It’s been said of him that he straddles magical figuration and surrealism, and I’m not sure whether that description applies to his work or to him as a person. The painter Íñigo Navarro (Madrid, 1977) has just opened his first major exhibition in Spain, with a fascinating title that sounds as if Hunter S. Thompson came up with it after popping the wrong pill: “Yesterday a tiger trod on your shadow.”
You may remember him because I was lucky enough to have Navarro illustrate my columns in The American Spectator for a couple of years, or perhaps you’ve seen some of his work in exhibitions in Washington in recent years. Navarro has found more success in Germany, the United States, and even China than in his own country — a great credit to him, but a sad indictment of Spain’s art establishment.
Navarro is a curious mix of classicism and sharp humor — sometimes leading to irony, sometimes to surrealism, and sometimes to places no one can quite identify. But wherever it leads, the result is always inspiring and rewarding for the viewer. He has turned his work into a banner of freedom, because to admire the classics is not just to imitate them, but to create something new they themselves might be proud of.
Just yesterday I spoke with him about the exhibition, which runs through October and November in Madrid, just a few steps from the U.S. Embassy, in the Pardo Bazán room of the Lázaro Galdiano Museum. He told me that in addition to the paintings, the show includes a central sculpture in polychrome wood and bronze, created in collaboration with Spanish fashion designer Marcos Luengo, who was responsible for dressing it. The sculpture depicts a young woman about to levitate, and I can’t shake the feeling that it might be autobiographical.
The worst thing about nihilism isn’t that it’s wrong; the worst thing is that it’s boring.
To better grasp the creative world of “Yesterday a tiger trod on your shadow,” one must look to Goya’s etching Mode of Flying, which serves as the thread uniting all the works on display. Somehow they always seem to float in a strange creative magma — sometimes literally. Navarro sees this as an allusion to transcendence, which also makes for a refreshing tribute in an era when so many artists insist on the ephemeral, the material, and tedious homages to nihilism. The worst thing about nihilism isn’t that it’s wrong; the worst thing is that it’s boring.
And forgive me, art critics — many of you far wiser and more erudite than I — but Navarro is an entertaining painter. In fact, he’s a funny painter. I can spend ten minutes gazing at one of his canvases, and the smile simply won’t leave my face. If you’re fortunate enough to know the artist personally, it’s even more fun, because in his case, it’s impossible to separate the work from the man, just as has been true of every genius in the history of painting.

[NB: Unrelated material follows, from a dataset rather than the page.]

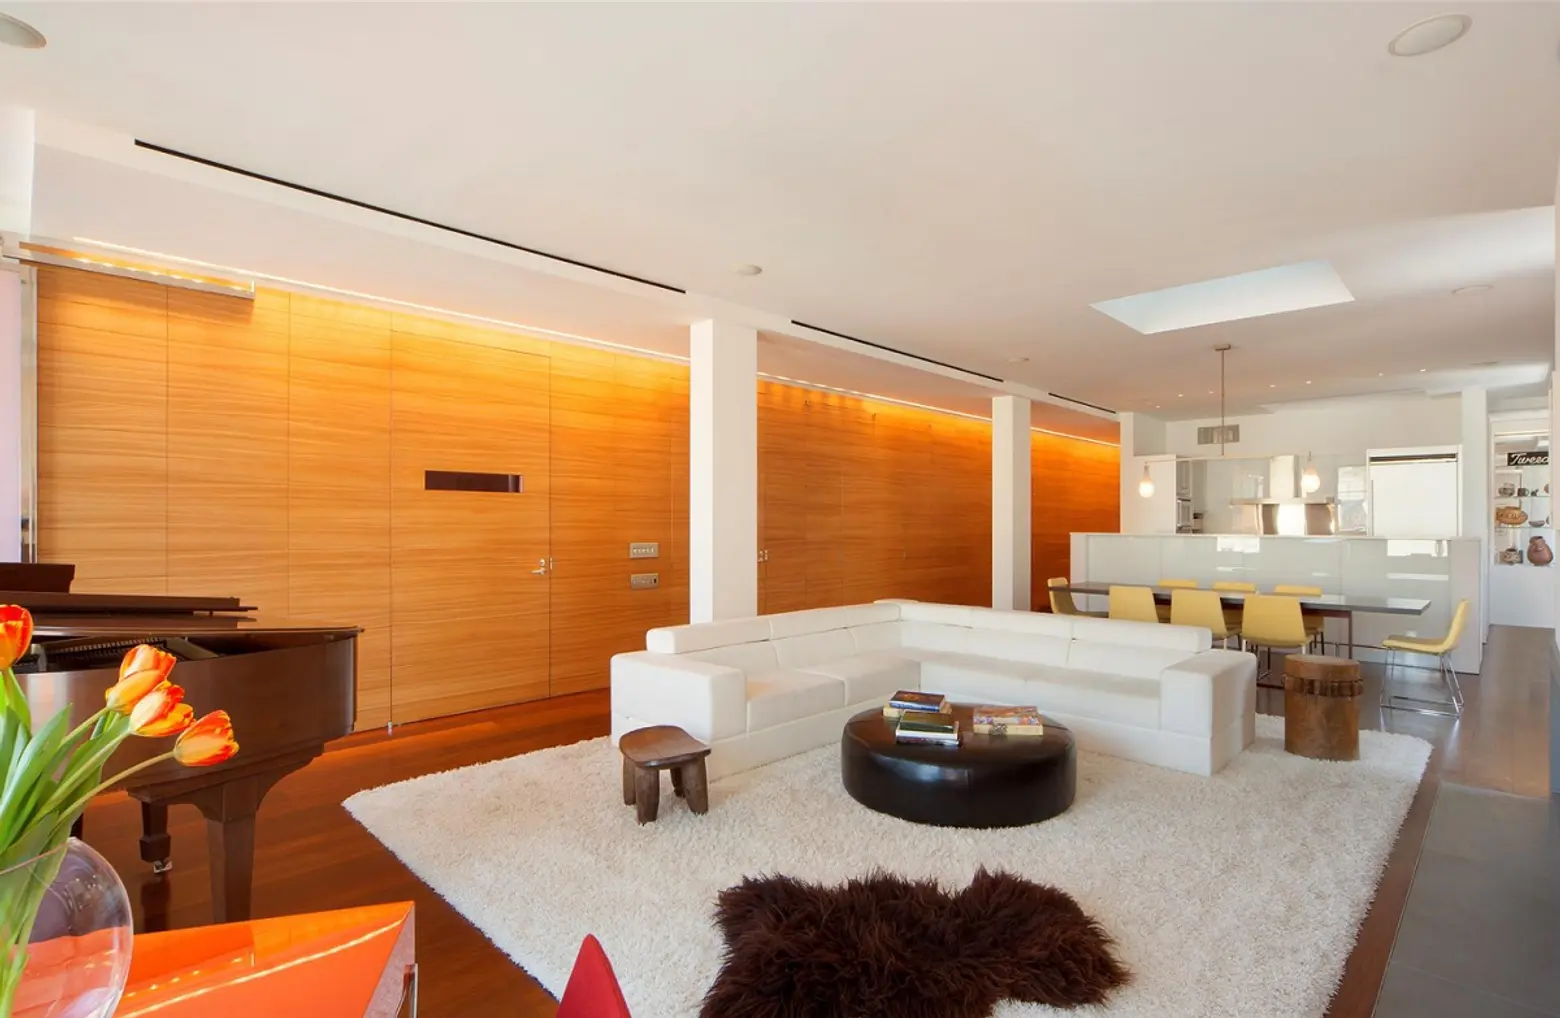 Rubbermaid VP Snatches Up Patrick Naggar-Designed Chelsea Penthouse for $7 Million

“A Chalet in El Viso with the Smell of Tobacco,” by Iñigo Navarro (Courtesy of Museo Lázaro Galdiano)
Yesterday I asked him whether he feared that AI might put painters like him out of business. Laughing, he told me no — that if anything, AI should be afraid of artists like him. With that kind of attitude, it’s only fitting that this exhibition should mark the beginning of something bigger, the moment when Navarro finally receives the recognition he deserves. Not for his sake alone, but because his art brings joy to those who see it — and there are plenty of good people who deserve that joy.
Once again, Navarro surprised me with a detail from his new exhibition. He wanted to give the show a deeper atmosphere, and finally came up with something brilliant: commissioning an exclusive fragrance from perfume designer Valérie Aucouturier to scent the gallery. The perfume evokes a dark cypress forest, with incense, sandalwood, and a touch of rose — the latter a nod to the scent traditionally said to emanate from the bodies of saints. It’s a beautiful and strange idea, like everything Navarro does.

The painter Iñigo Navarro in his studio (Courtesy of Museo Lázaro Galdiano)
The problem, of course, is that the gallery isn’t very large. Navarro installed three or four scent machines, each blasting out a puff of fragrance every few minutes. Soon enough, he got an emergency call from one of the museum guards on duty in the room: “Either turn down the air freshener a bit, or I’m going to die.” Any other artist might have dug in his heels, insisting that the intensity was essential to the work — that the fragrance was part of it. Not Navarro. He burst out laughing, apologized politely, and promptly tossed out a couple of the machines.
As the classic meme goes: tell me you’re a genius without telling me you’re a genius.